Incredibly, Maddow would spend less than 90 seconds responding to what had been said. But after that very brief faux-defense, Maddow would build more viewer sympathy, complaining about the right-wing sites that trash her because she’s gay or because they say she looks like a man. Beyond that, she would burn an additional 80 seconds hammering Politifact for two unrelated errors she said they had made in 2009. Different people will judge those allegations differently; in our view, Maddow went very far afield in search of stones to throw back at the site. That said: Even if Politifact did make two errors two years ago, what could that possibly have to do with what Maddow had said about the Wisconsin budget?

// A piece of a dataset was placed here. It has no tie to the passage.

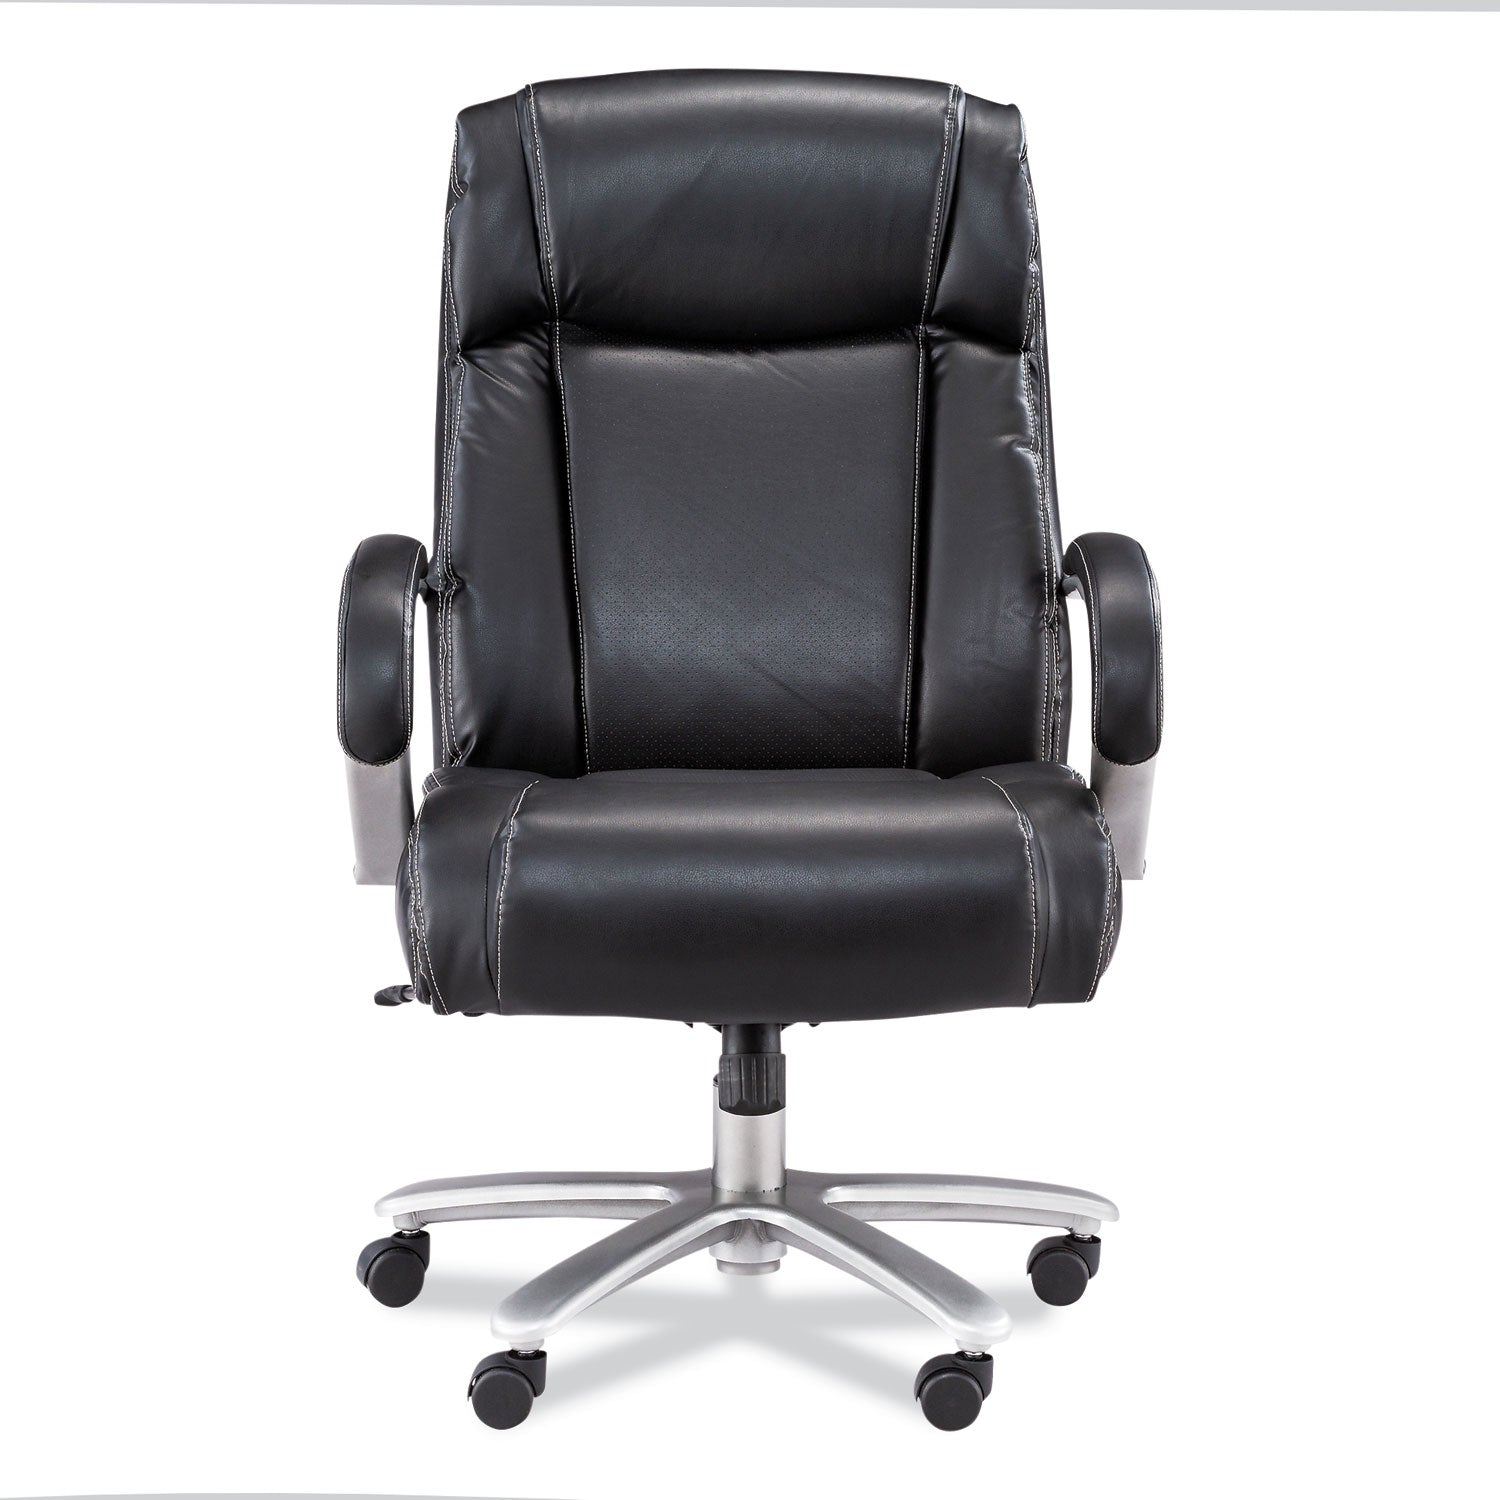 lineage-big-&-tall-high-back-task-chair-max-500-lb-205-to-2425-high-black-seat-chrome-base-ships-in-1-3-business-days_saf3502bl - 4

Absolutely nothing at all. But Maddow was playing her viewers for rubes as she pretended to fact-check her own statements. Sitting beneath that DEPARTMENT OF CORRECTIONS sign, she essentially never told viewers what she had said that Politifact judged to be false.

Rachel’s viewers heard all about Kansans for Life. They heard about John Boehner’s office. They heard about right-wing sites which engage in rank homophobia. They heard about two niggling errors Politifact may or may not have made, two years ago. And as always, they heard a pile of effusive self-praise about Rachel and her fine staff.
But good lord! In 12 minutes and 32 seconds, Maddow spent less than 90 seconds discussing her own Wisconsin report! Viewers were left with little idea why that report had been challenged.

“DEPARTMENT OF CORRECTIONS?” Apparently, the sign referred to what Maddow directs at everybody else! We’re often stunned by Maddow’s conduct. Tomorrow, we’ll look at her short, embarrassing faux self-defense—and at a rain of mega-dittos which poured in from the provinces.